Yes, lately for me. Today is the first day in awhile I managed to get up BEFORE 2 PM. I've also had a lot of comforting dreams lately, and it hurts to wake up. I want to live in the safety of my dreams. I know that's not the case for many people, especially if they have nightmares, but I keep having reoccurring safe people in my dreams who visit me. Every day I wonder why I woke up. I know I can technically change things and I am aware of what is and isn't in my control, but everyone makes it sound so easy, to just "take one day at a time". No one understands the dread.
Yes, lately for me. Today is the first day in awhile I managed to get up BEFORE 2 PM. I've also had a lot of comforting dreams lately, and it hurts to wake up. I want to live in the safety of my dreams.
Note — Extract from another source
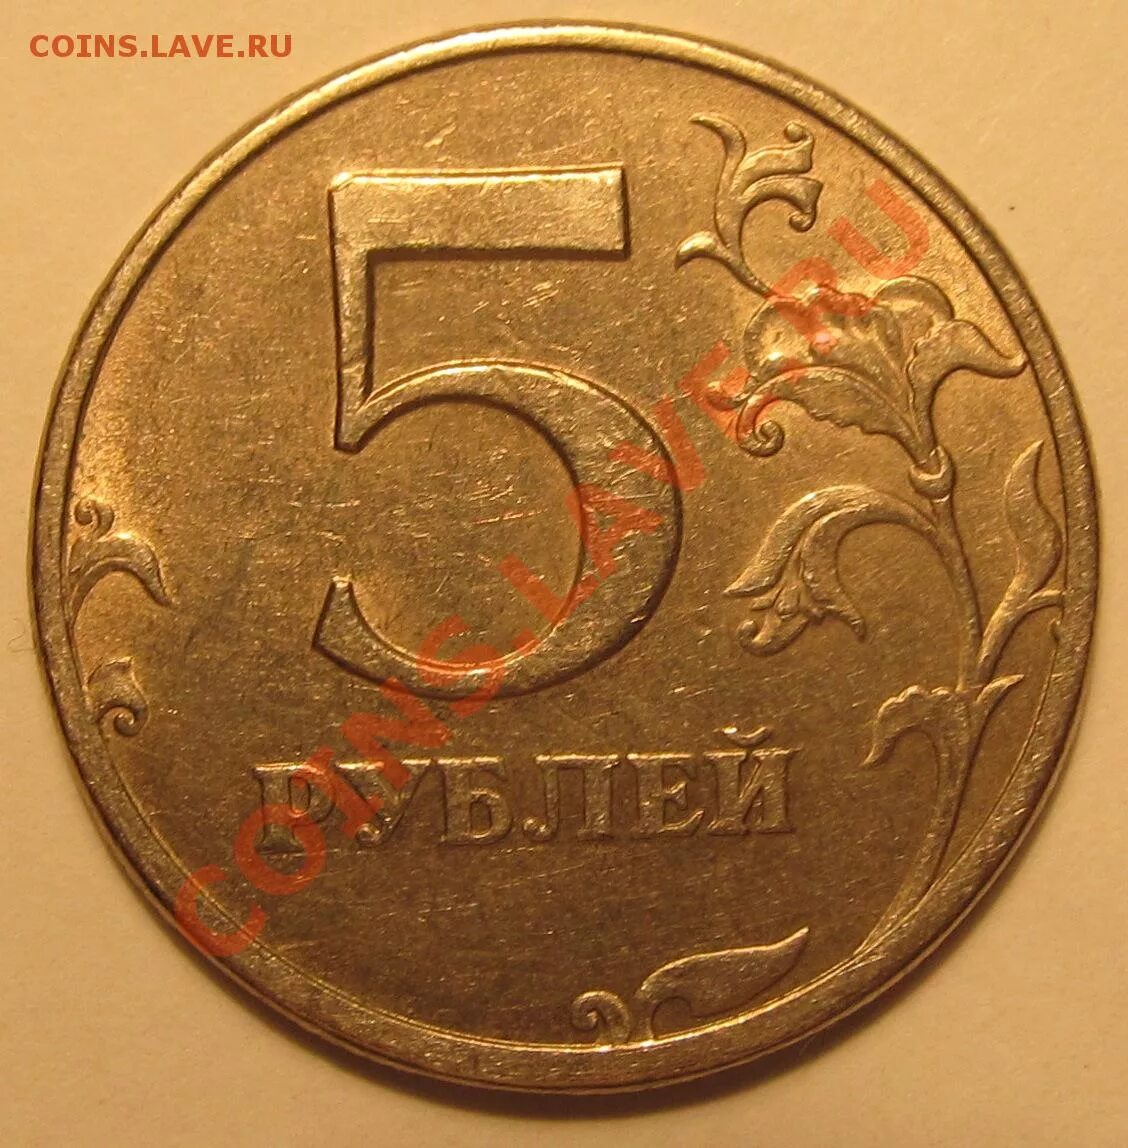 5 Рублей 1998 СПМД -шт. 2.21-2.22. Бракованная 5 рублей 1997 года. Монеты 2005 5$. 2 Рубля 1997 СПДМ золото.

I know that's not the case for many people, especially if they have nightmares, but I keep having reoccurring safe people in my dreams who visit me. Every day I wonder why I woke up. I know I can technically change things and I am aware of what is and isn't in my control, but everyone makes it sound so easy, to just "take one day at a time". No one understands the dread.
For whatever reason, you can't end it all so sleep is the next best thing to escaping the severe pain you are dealing with. I know for me, I beg for mercy before had. that I will not wake up, yet I always do. I guess that does there truly is no mercy in this world.
Jokes on you, I cannot sleep. I got sleeping plls which help, but now my family found then and think they are hard drugs. They are impossible to eason with scientifically. I hate them so much.
Sometimes I even feel good during the first few minutes of waking up. Then I remember all the shit I'm dealing with.
My stressors make me want to CTB now but I have things I want to do in August and September. I don't know how I will feel after that, but I hope it's either well enough to enjoy life, or clear enough about my suffering to get everything over with.